What you need to do: Give the lines again exactly as they appear below, from the line with "Women's Yellow Polynesian" to the line with "erina mega Omega", both included, and only those lines. Leave every picture out.

Records for this exercise:
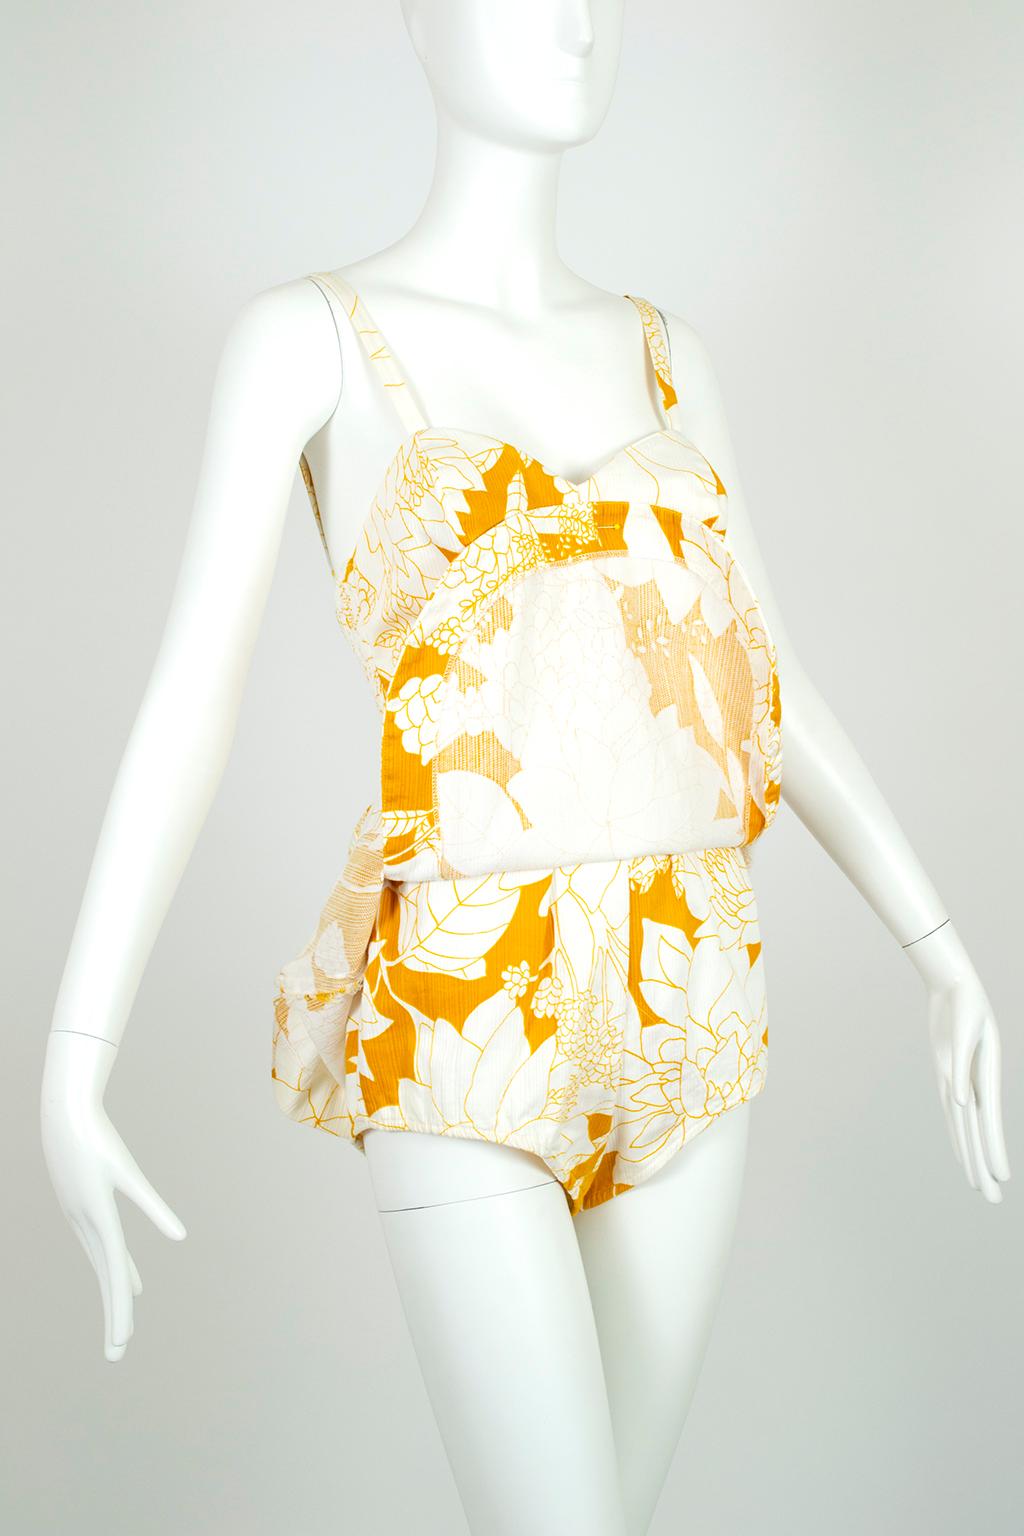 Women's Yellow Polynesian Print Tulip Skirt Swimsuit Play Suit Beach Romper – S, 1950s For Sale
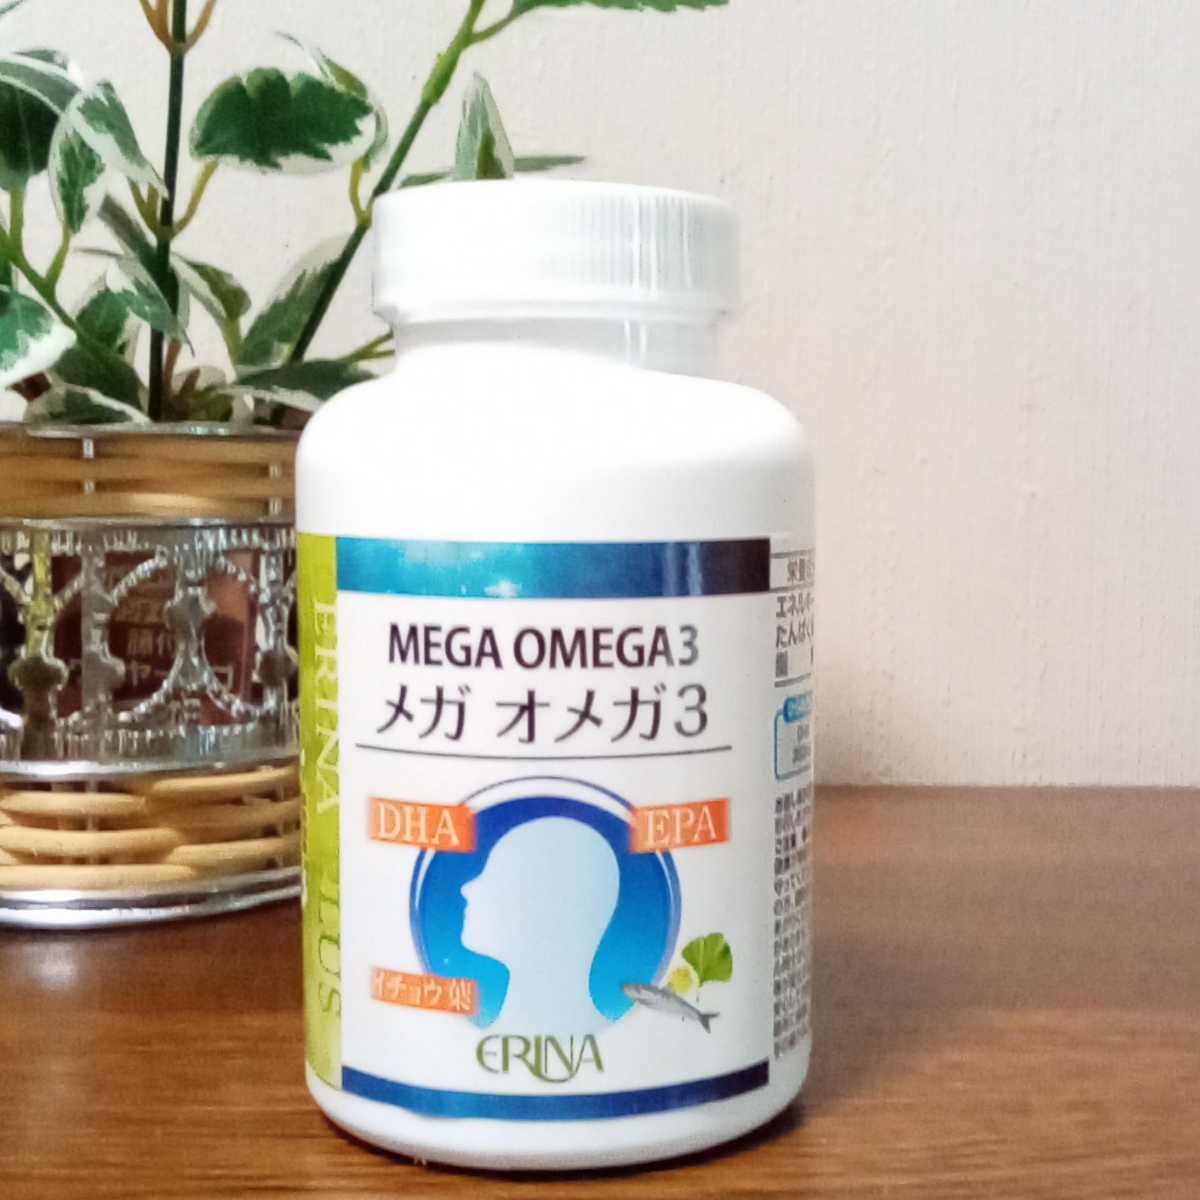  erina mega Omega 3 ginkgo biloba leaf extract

* * *

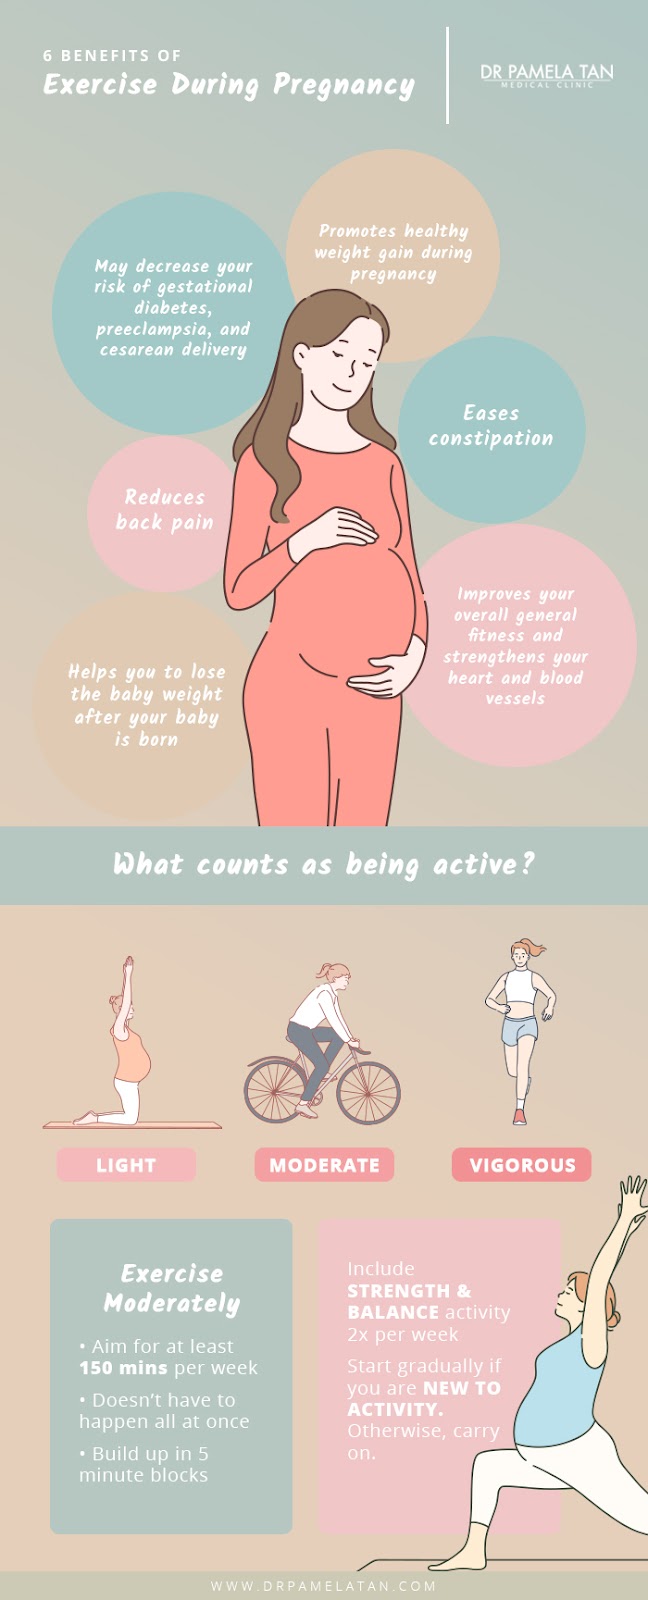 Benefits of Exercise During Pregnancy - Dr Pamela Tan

Output:
 Women's Yellow Polynesian Print Tulip Skirt Swimsuit Play Suit Beach Romper – S, 1950s For Sale
  erina mega Omega 3 ginkgo biloba leaf extract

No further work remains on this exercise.